For now, here’s my quick take on the first eight, the ones who served before 1913.  Yes, America was different back then, so direct comparisons are unfair.  Still, some lessons of politics speak through the ages.   With that caveat, here goes:    


(Sorry in advance for the cryptic tone.  And of course, if you disagree with my bad-mouthing of any of these fine fellows, please comment.  This is the Internet.  Haggling over politics — even very old politics –– is welcome.)




Pantheon of Losers (Part 1):

  • John Adams (1797-1801):

Fine man, good lawyer, and revolutionary hero, but as president he gave us the Alien and Sedition Acts (closing newspapers, jailing dissenters, deporting immigrants), a foul temper, and a defensive demeanor.  He avoided war with France but inflicted paranoia on the country.  Described as irritable and nasty, he considered himself above politics.  Thomas Jefferson beat him in 1800 in America’s first negative campaign.  Adams made fine material for a terrific David McCullough biography and a just-as-terrific HBO miniseries, but voters knew better and gave him the first-ever Presidential pink slip.  (C-SPAN 2009 poll rank: 17)

  • John Quincy Adams (1825-1829):

Another fine man, eldest son of the first Adams (above).  Before being president, he conceived the Monroe Doctrine.  After being president, he became a pioneer abolitionist and hero of the 1841 Amistad anti-slavery case.  But as president, good grief!  He never escaped Andrew Jackson’s labeling of his contested election (decided in the US House after Jackson won more popular and electoral votes) as a “corrupt bargain.”  Honest but frosty, Adams believed in “internal improvements,” but his biggest legislative accomplishment was a tariff bill so draconian and slanted toward New England that Southerners called it the “tariff of Abominations,” leading South Carolina to threaten nullification.  Andrew Jackson beat him easily in 1828.  Like his father, JQ Adams seemed to see himself as above politics.  Very big mistake. (C-SPAN 2009 poll rank: 19)

  • Martin Van Buren (1837-1841):

Van Buren served as Andrew Jackson’s vice president and followed him directly in office.  But unfortunately, Jackson left the country’s economy in shambles after his war against the United States Bank.  The Panic of 1837 brought things crashing down.  Van Buren took the fall.  A master back-room politico (the “Little Magician’), he lacked a personal touch.  Add a penchant for personal comforts and a shade-too-clever manner (he opposed admitting Texas as a slave state, but supported deporting Indians to the west), and voters had enough. (C-SPAN 2009 poll rank: 31)

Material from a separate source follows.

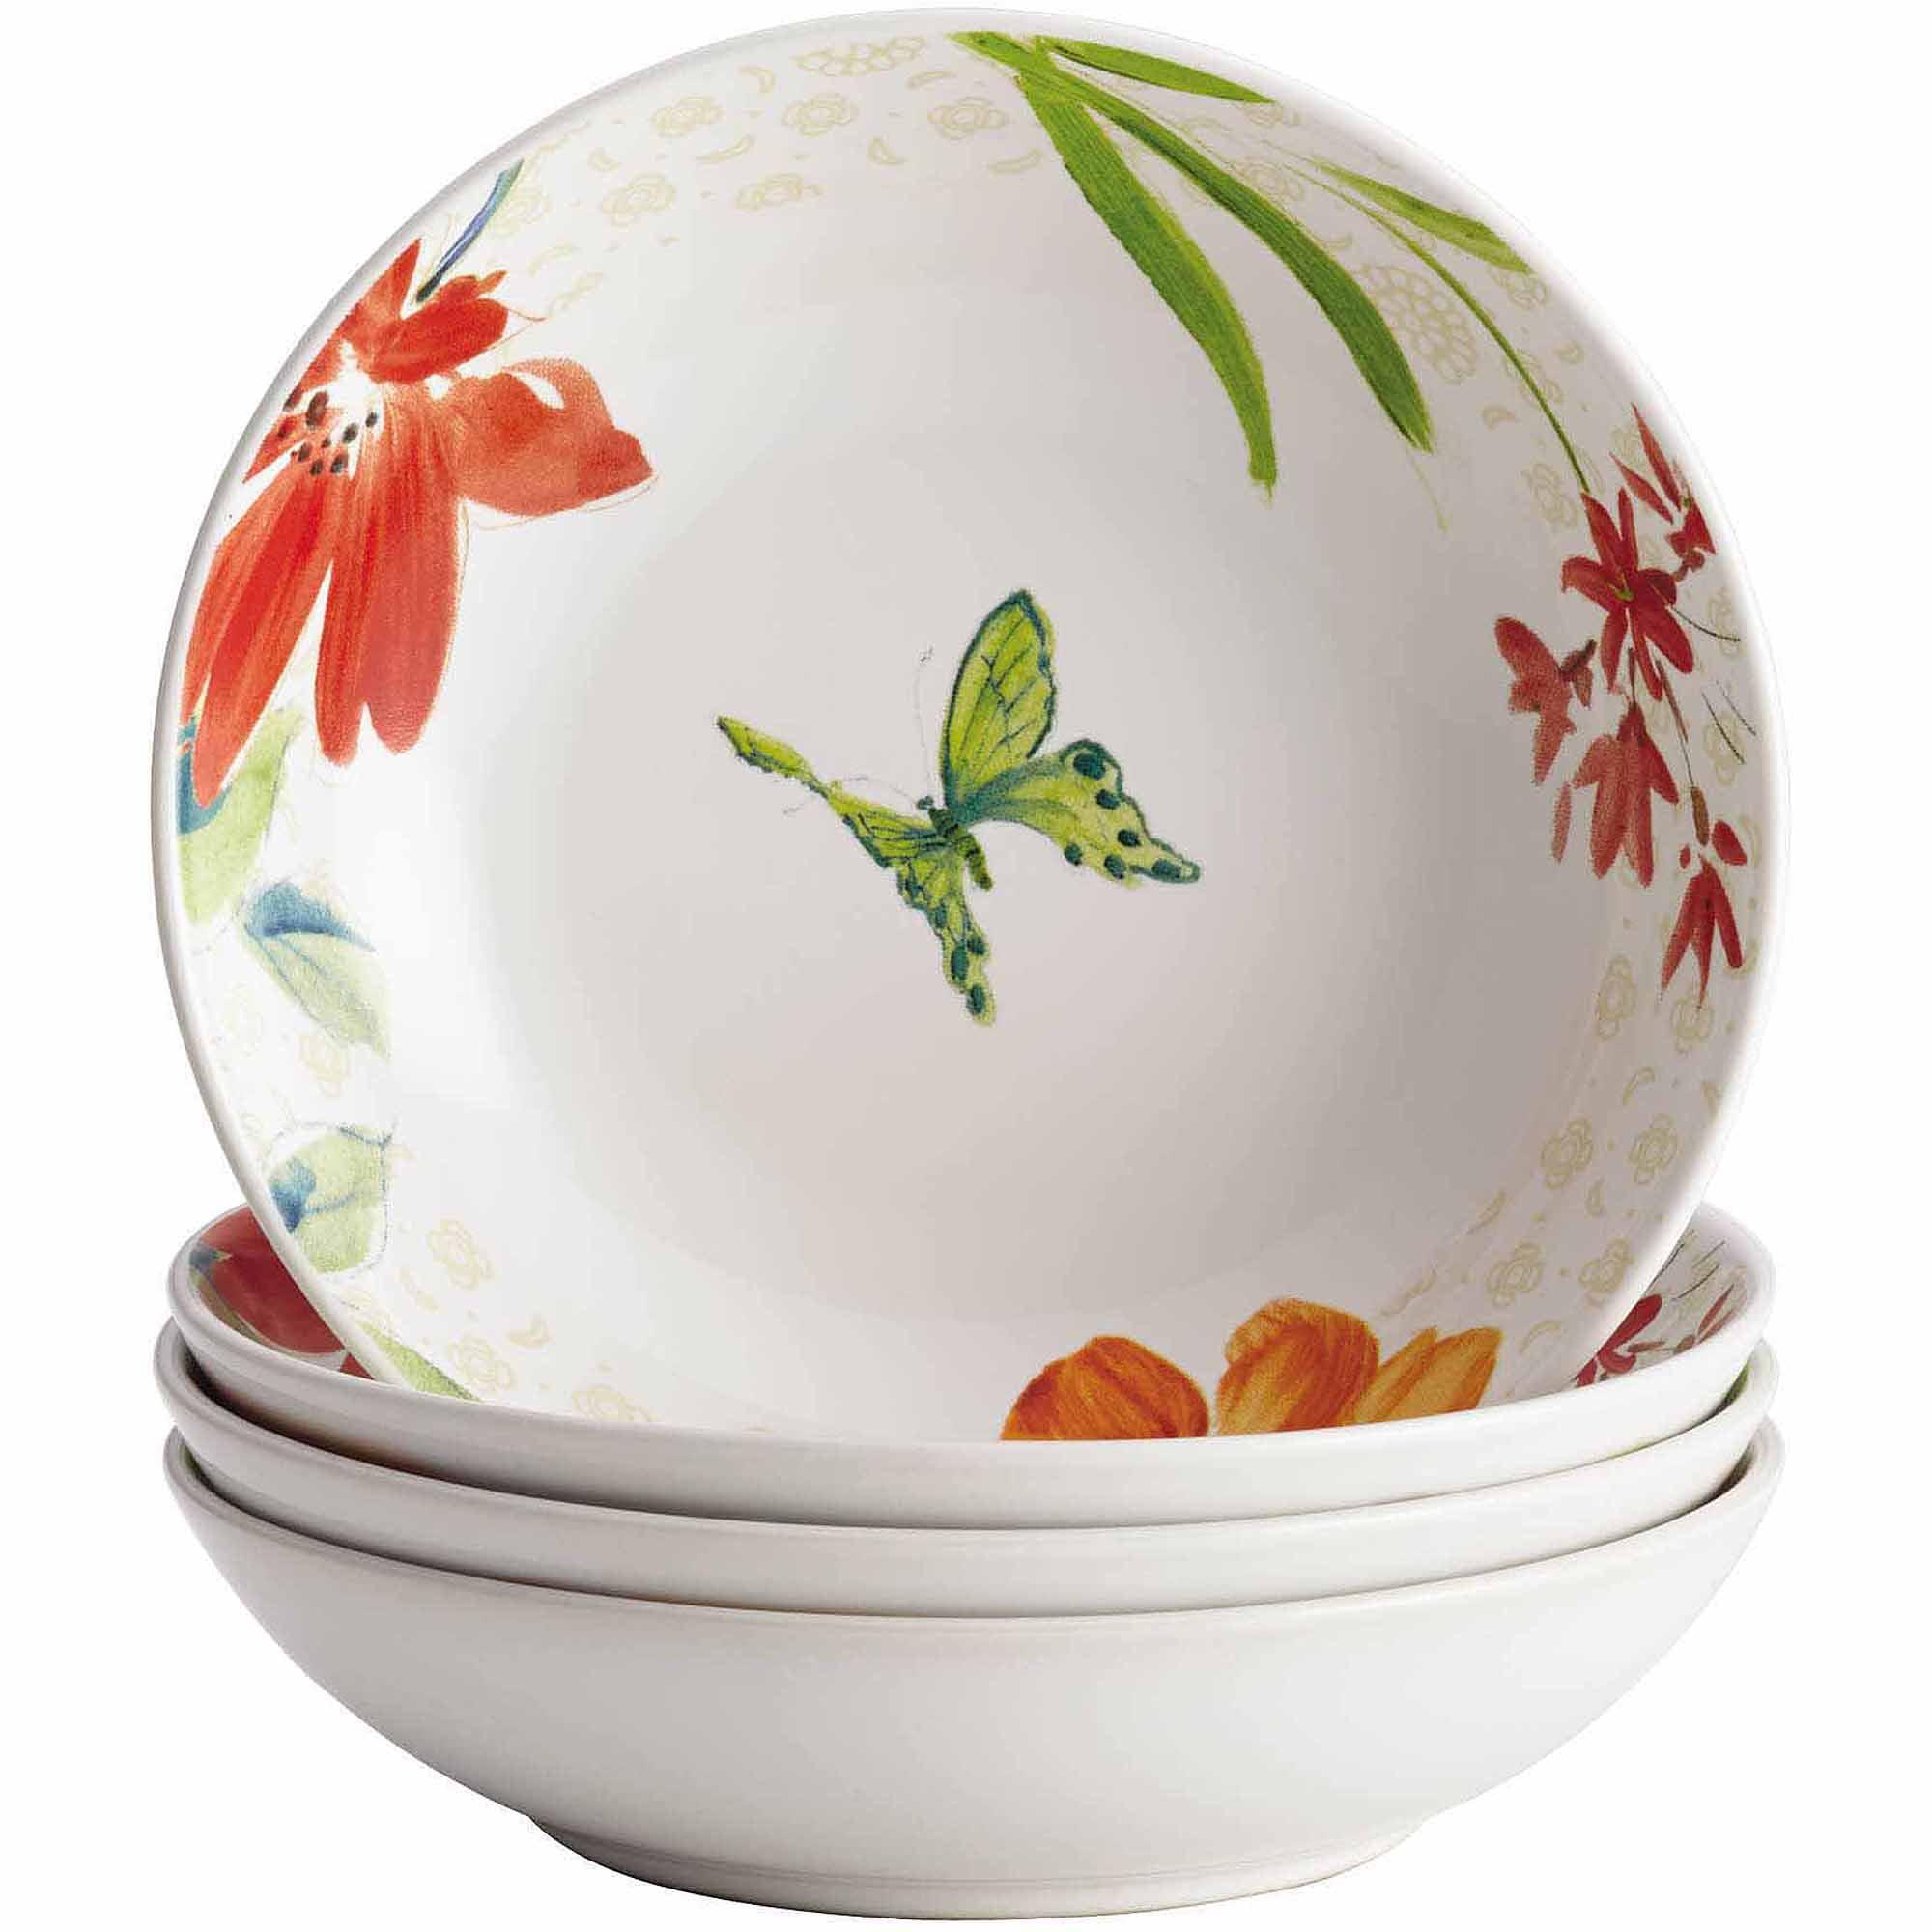 BonJour Dinnerware Al Fresco Porcelain Stoneware 4-Piece Fruit Bowl Set

  • Franklin Pierce (1853-1857):

Handsome and heroic in the Mexican War, as president he gave us the 1854 Kansas-Nebraska Act, which allowed slavery to expand into formerly-free territories based on votes of local white settlers.  This led directly to two result.  One was Blooding Kansas, with an estimated 200 people murdered in skirmishes and massacres by pro- and anti-slavery factions.  (Click here for more on this.)  The second was Abraham Lincoln, then a former-congressman practicing law in down-state Illinois, who was so outraged by the law that he decided to re-enter politics.   Harry Truman put it this way.  Noticing Pierce’s swell-looking portrait hanging in the White House at one point, he said: “being president involves a little bit more than just winning a beauty contest… Pierce didn’t know what was gong on, and if he did, he wouldn’t of known what to do about it.”   (C-SPAN 2009 poll rank: 40)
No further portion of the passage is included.